Banyak tetua setuju dengan Xiao Wei. Lagipula, adegan yang dipugar telah membuktikan bahwa Xiang Shaoyun adalah korban di sini. Situ Yan dan yang lainnya hanya meninggal karena perbuatan mereka sendiri. Namun, pendapat mereka tidak penting karena hanya kepala sekolah yang dapat membuat keputusan akhir.

Kepala sekolah menatap Xiang Shaoyun dan bertanya, “Apakah kau memiliki darah iblis di dalam dirimu?”

Xiang Shaoyun menjawab dengan lugas, “Ya.”

“Lihat, dia mengakuinya! Kita harus mengeksekusinya!” tuntut Situ Mingyu dengan penuh amarah.

Kepala sekolah terdiam sejenak sebelum berkata, “Kau pernah selamat dari hukuman penyucian para malaikat. Itu membuktikan bahwa kau bukan iblis jahat. Jika tidak, dengan kebencian yang dimiliki para malaikat terhadap para iblis, kau akan sepenuhnya disucikan. Oleh karena itu, terlepas dari apakah kau memiliki darah iblis atau tidak, kita bisa membiarkannya saja. Tetapi kau telah membunuh cucu Tetua Situ dan para pengawas. Itu agak berlebihan. Kita harus membiarkan para tetua agung yang memutuskan hal ini. Lagipula, kau adalah satu-satunya murid dari tetua penjaga kuburan.”

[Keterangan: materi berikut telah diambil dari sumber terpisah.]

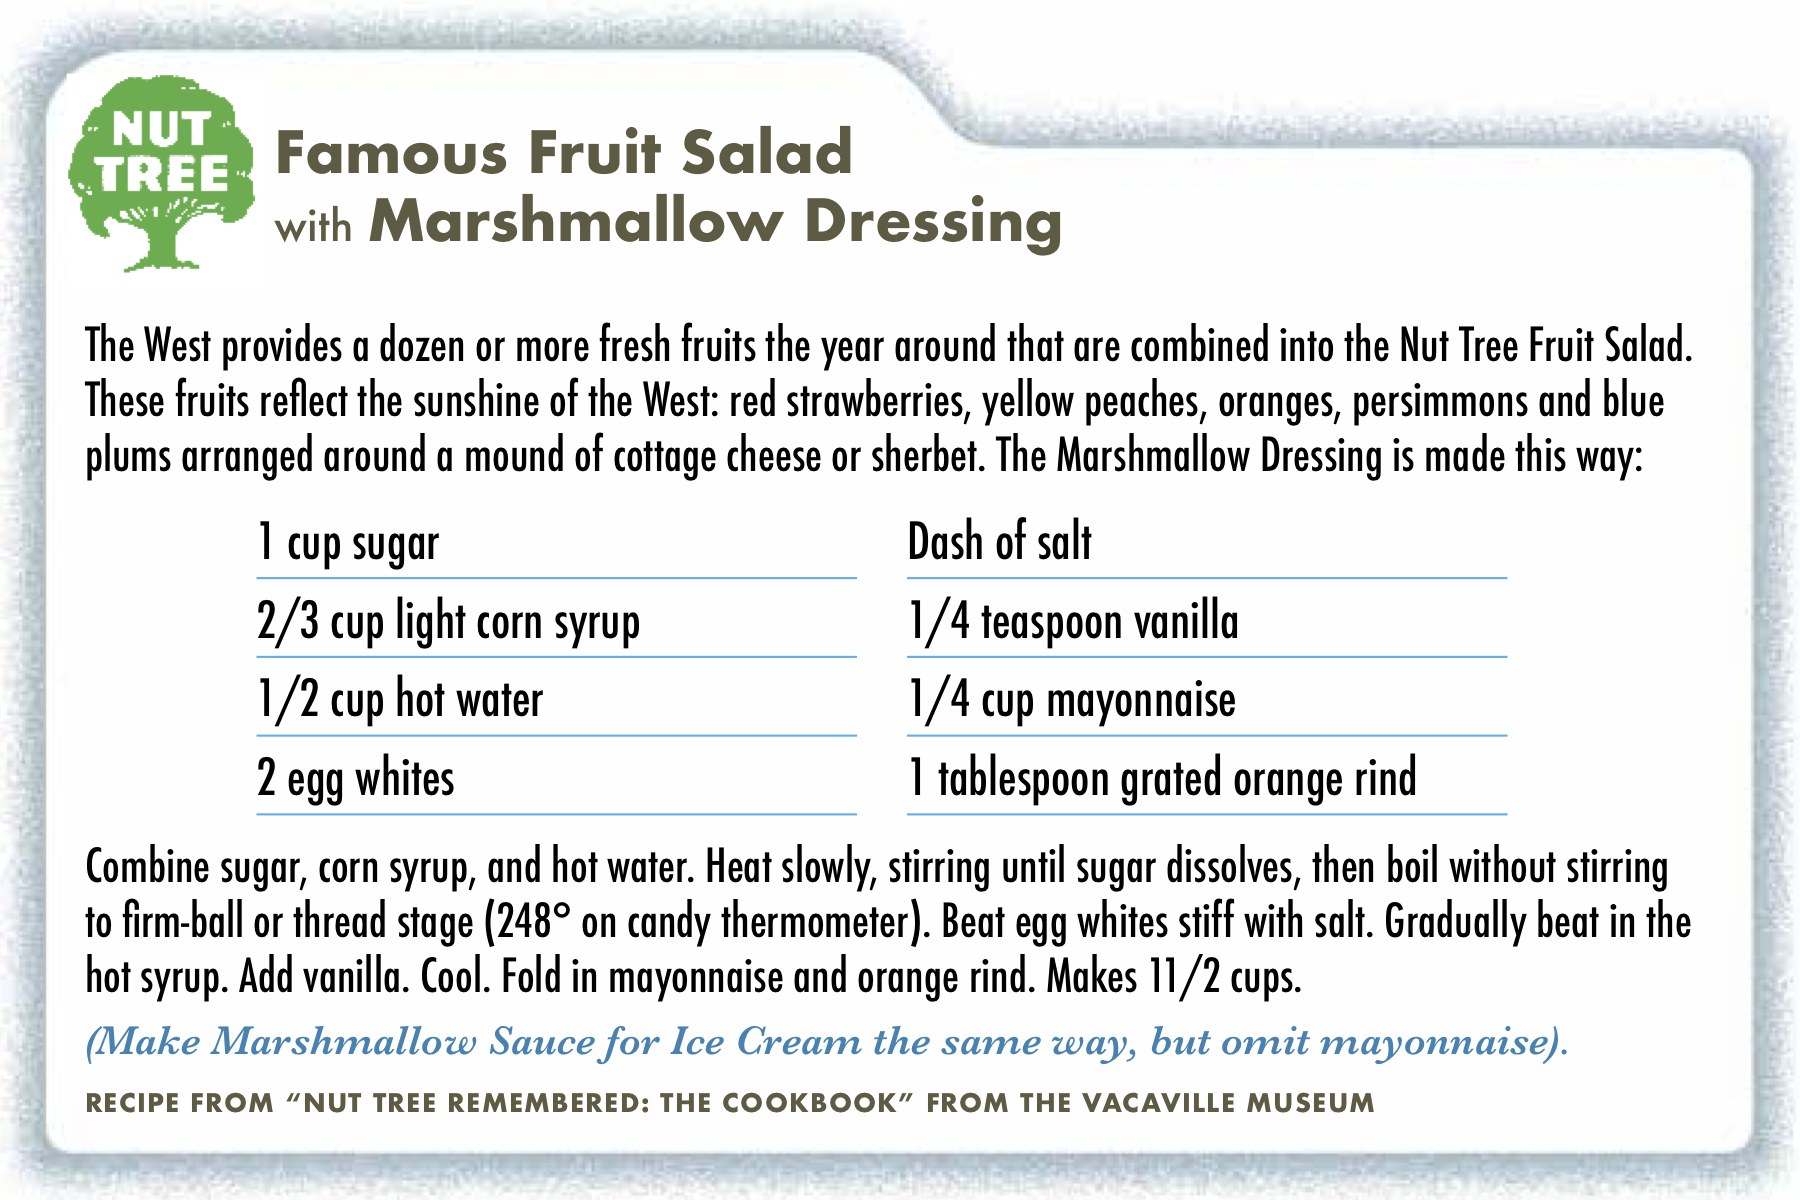 Nut Tree Marshamllow Recipe

Meskipun kepala sekolah terdengar seperti sedang menghindarkan tanggung jawab, dia menjelaskan identitas Xiang Shaoyun dengan jelas. Dia adalah satu-satunya murid tetua penjaga makam. Jika para tetua yang hadir masih tidak mengerti arti kata-katanya setelah ini, maka para tetua itu pasti bodoh.

Sebenarnya, semua orang yang hadir mengenal tetua penjaga makam itu. Dia adalah seorang lelaki tua buta yang telah tinggal di Pemakaman Belakang. Dia tampak seperti lelaki tua biasa, tetapi semua orang tahu bahwa dia adalah seorang lelaki tua yang sebenarnya telah hidup begitu lama sehingga tidak ada yang tahu berapa usianya. Beberapa bahkan mengklaim bahwa dia telah ada sejak akademi didirikan. Apakah mereka berani membunuh murid dari lelaki tua seperti itu?

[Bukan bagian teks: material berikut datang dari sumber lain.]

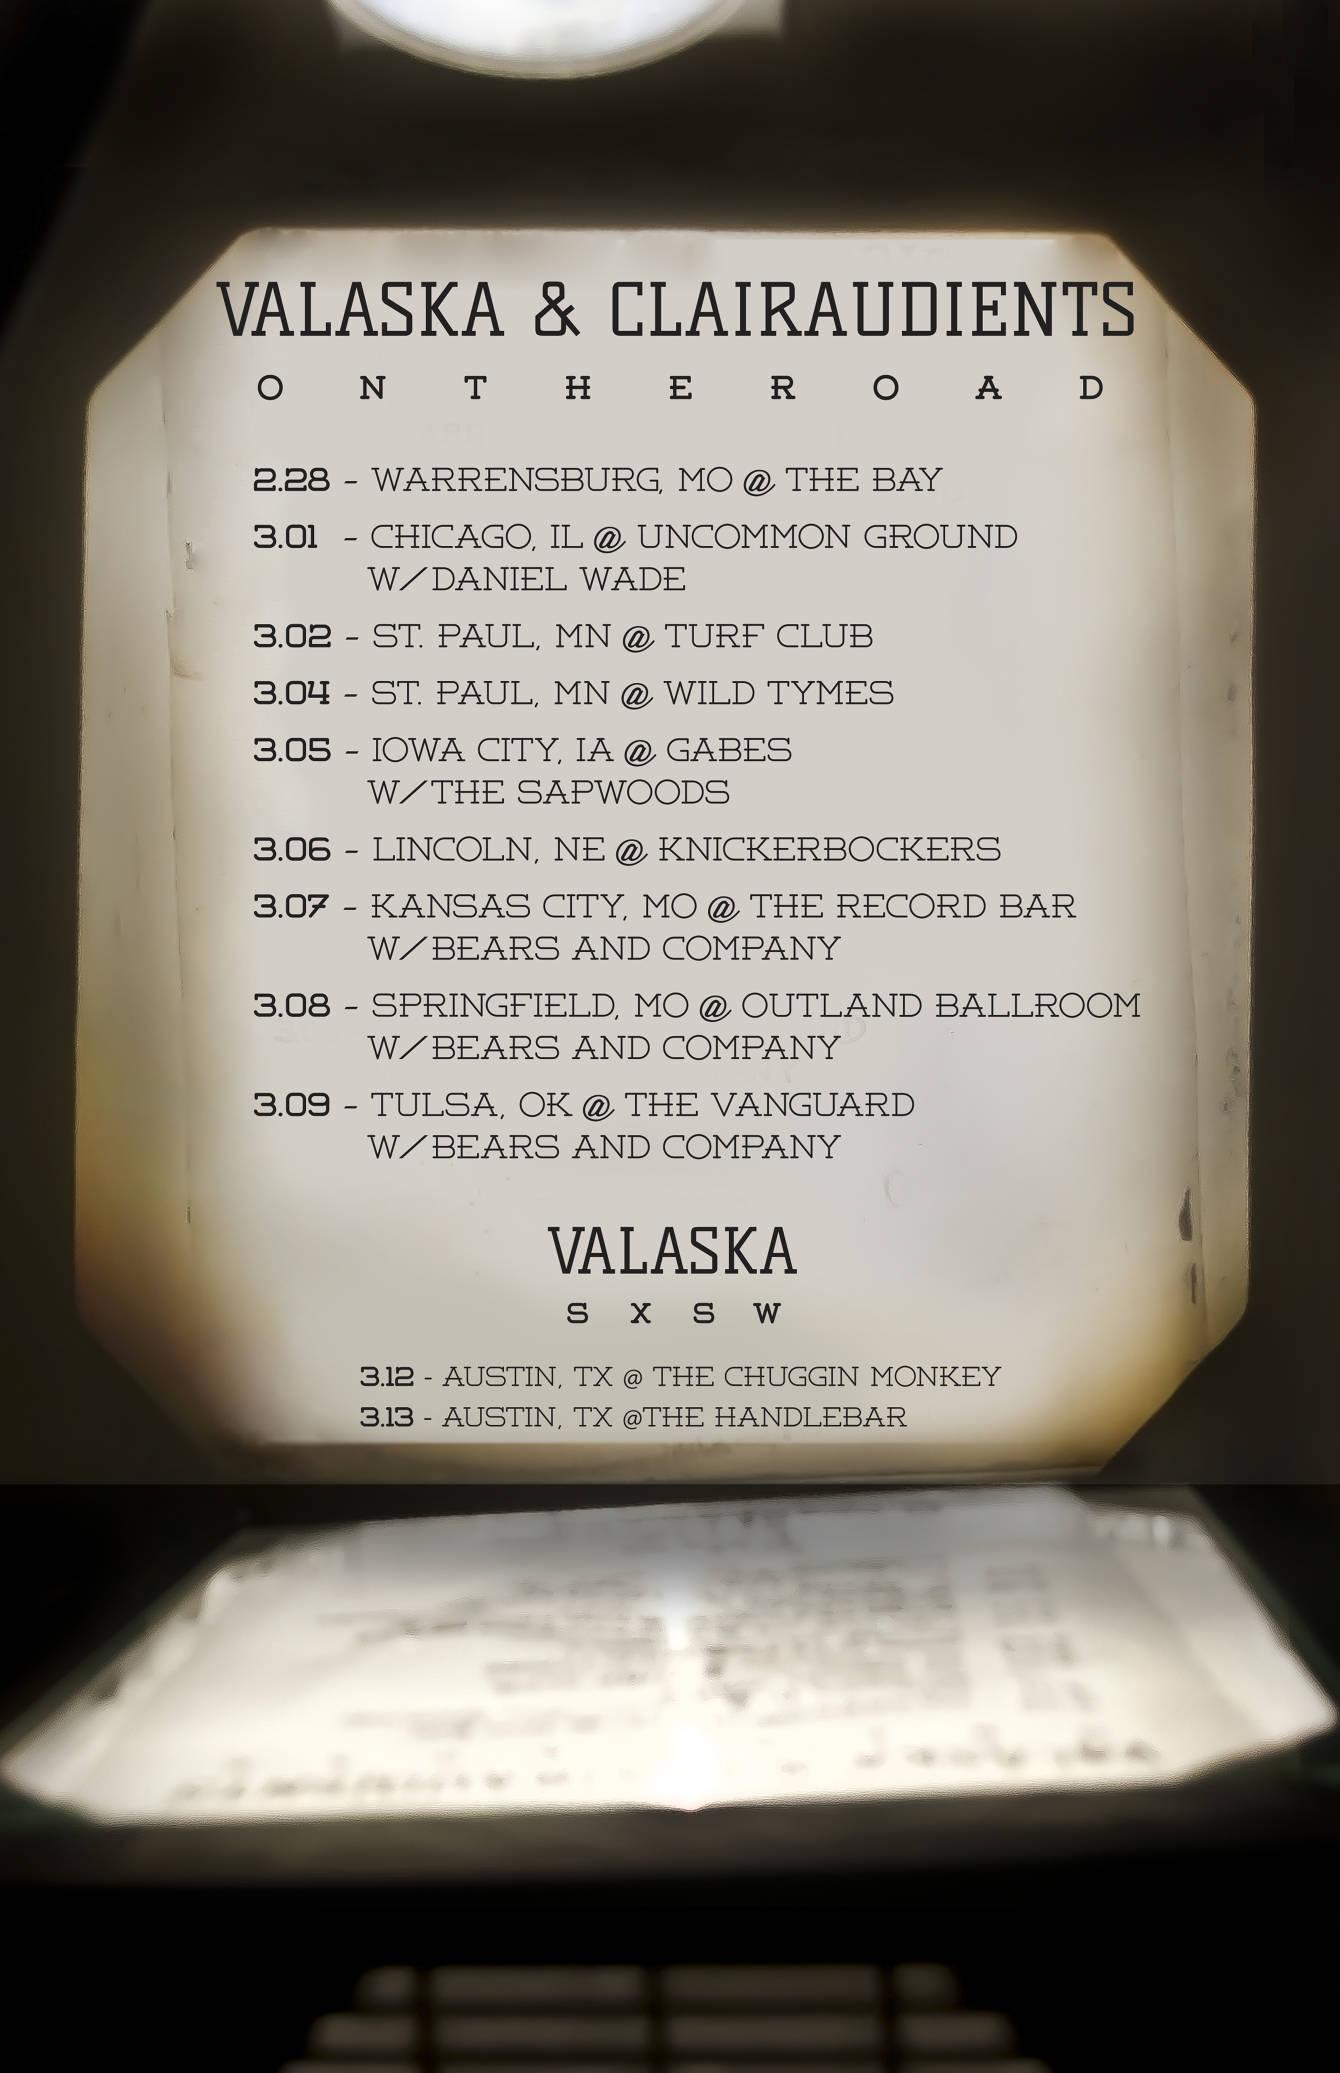 CHRISTINE FIELDER / VALASKA

Situ Mingyu, Mo Luo, Shadowflash, dan Feng Huosuo merasa seperti menelan lalat. Mereka sangat tidak nyaman, tetapi mereka bahkan tidak bisa melampiaskan amarah mereka dan tidak punya pilihan selain mematuhi peraturan kepala sekolah.

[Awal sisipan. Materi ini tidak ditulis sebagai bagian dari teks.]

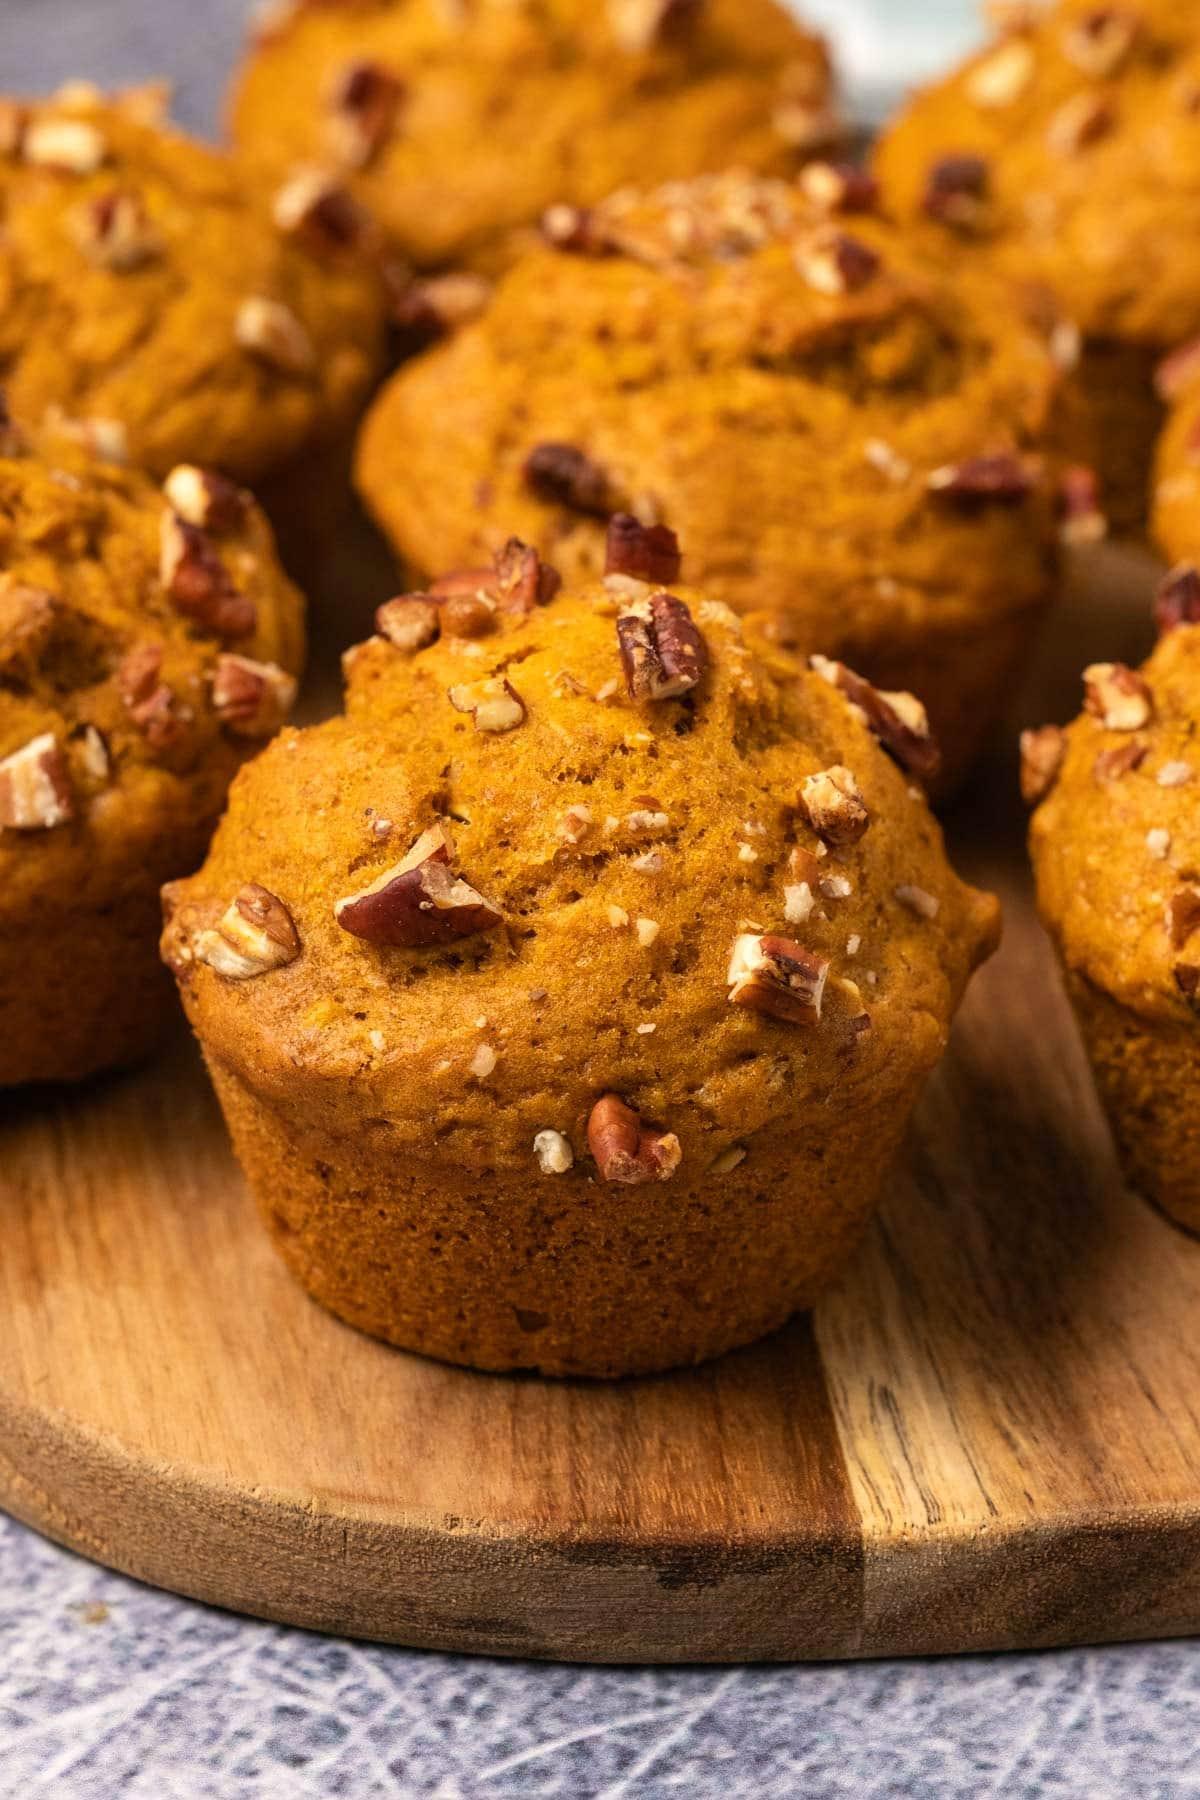 Pumpkin muffins on a wooden board.

“Baiklah. Kita harus menunjukkan rasa hormat kepada orang yang telah meninggal. Berikan mereka pemakaman yang layak terlebih dahulu. Biarkan para tetua agung yang membuat keputusan akhir,” kata kepala sekolah, menandakan berakhirnya kejadian ini. Adapun apa yang akan terjadi selanjutnya, itu akan bergantung pada para tetua agung.